The phone rang. It was either late or too early by night-crawler standards. Either he was still up or I'd wake him. . . .
“Gwen Katz,” he answered. “This is an unexpected surprise.”
“Is it?”
“Completely.”
“Just one question, Mr. Hatfield. Did you do anything to Scott Ferguson?”
There was a brief silence. “What is it you think I've done to him?” he asked.

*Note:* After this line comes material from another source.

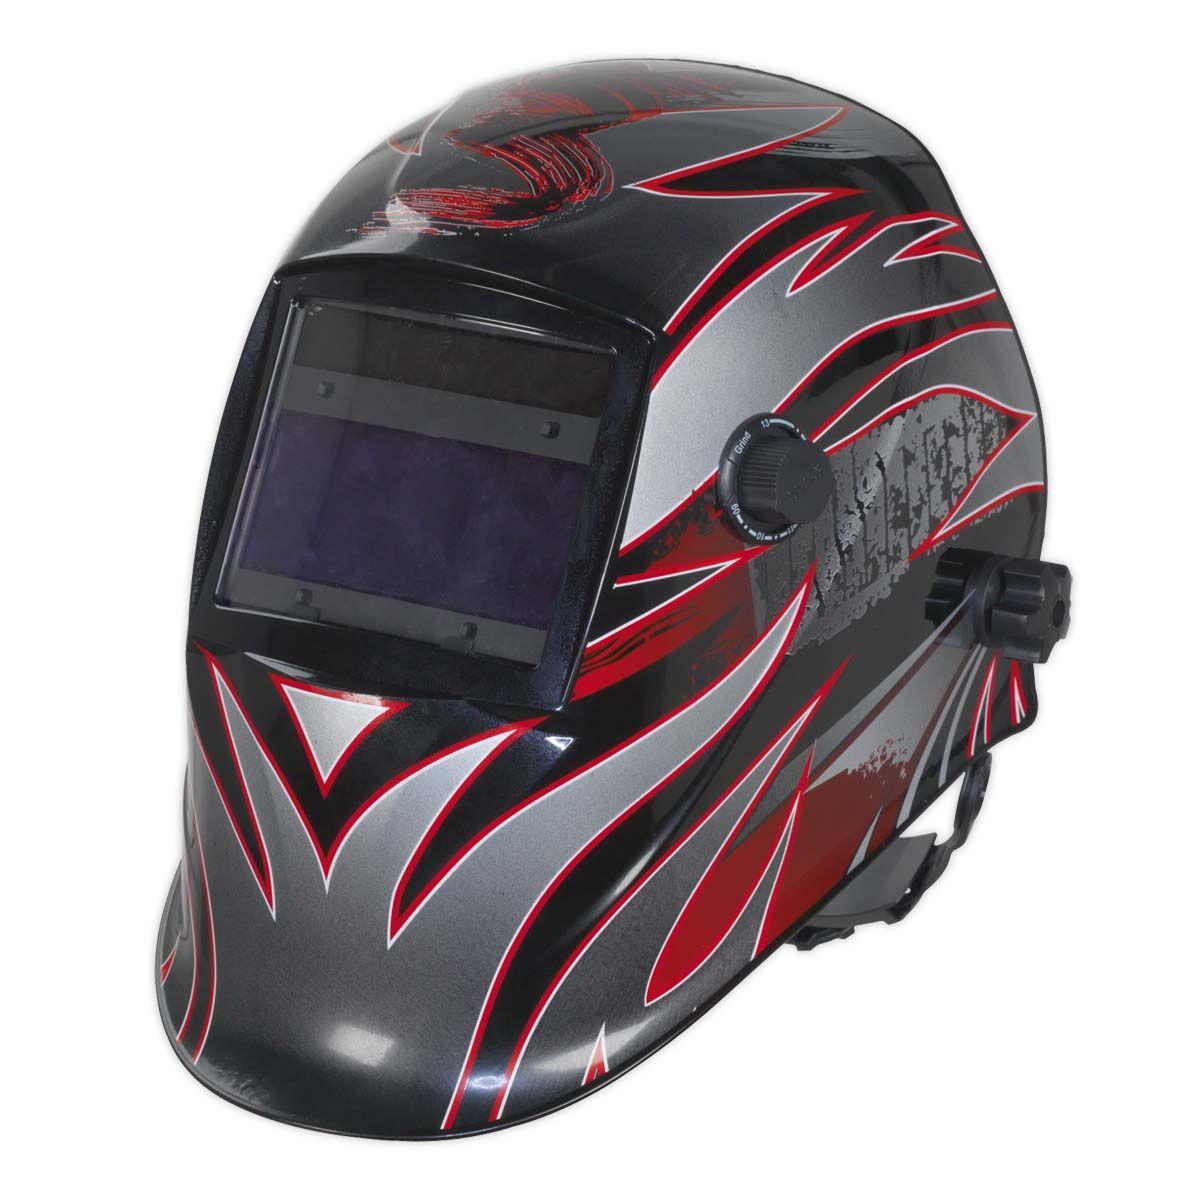 Sealey Welding Helmet Auto Darkening Shade 9-13

“Had him beaten halfway to dead.”
“Not me,” he said.
He spoke with such certainty that I didn't know what to say next. Anger is good for marathon runs and multiple assaults; fury is only good for short sprints. I was furious and out of gas.
“Let me guess what happened,” Hatfield said. “Our little cheerleader confessed all to her football hero, was met with relief and confusion and probably dollops of unhappiness, after which he toyed with the idea of confronting me in person. That is what jocks do, after all. First, though, he stopped at a local booze joint to fuel up. And then, tragically but perhaps fittingly, he ran afoul of some other jock or redneck or God knows who and had his ego, face, and vague plan rearranged. Would that not be an equally likely scenario?”
I didn't know what to say. Fortunately, I didn't feel obligated to say anything to this man.
Which was another thing,
I thought miserably.
I always feel like I have to talk to Grant about something. Anything.
“Gwen? Are you there?”
“Sorry to have wakened you,” I said, chilled by the double entendre I found in
that.
“No problem. I go to bed rather early when there's no one to keep me awake.”
“Creepy.”
“Excuse me?”
“Nothing,” I said. “I have to go.”
I could see him smile. He could probably see me squirm.
“You
do
fascinate me,” he said. “I hope you will consider dinner some night. Out, if you feel safer.”
“Thanks. I don't think so.”
“That's the problem,” he said.
“What is?”
“Don't think.”
I hung up. The conversation had gone on about four exchanges too long. My hand was still on the receiver. It was shaking. I wished to hell I could follow my own advice and talk about what was inside me right now. But I didn't know. He was wrong. I had done things without thinking. My first, the professor, was one—a big one. A no-returns-accepted impulse buy my freshman year. That was probably why I was so cautious now: that one did major damage.
You have never talked to anyone about that. Not even Phil, who didn't want to hear about the men who came before. It is long overdue. Maybe now that you have a sister who has been in similar shoes . . .
My eyes fell on a scrap of paper in the corner of my desk. The writing blasted Stephen Hatfield out of my brain and into next week.
“Not possible,” I said, thinking back. “Not . . . no. How does that even fit?”
I went to call Grant, realized he wasn't the man I needed to talk to. I turned on my monitor, looked up another number. It was early, but that was too damn bad.
I took a quick trip to the dining area. “Stacie, are you all right?”
“Can I get myself another coffee?”
“Of course. Behind the counter in a box marked Maxwell House.”
She nodded.
She was all right enough. I went back to the office and picked up the phone.
As for Robert Reid, he would take my call and like it.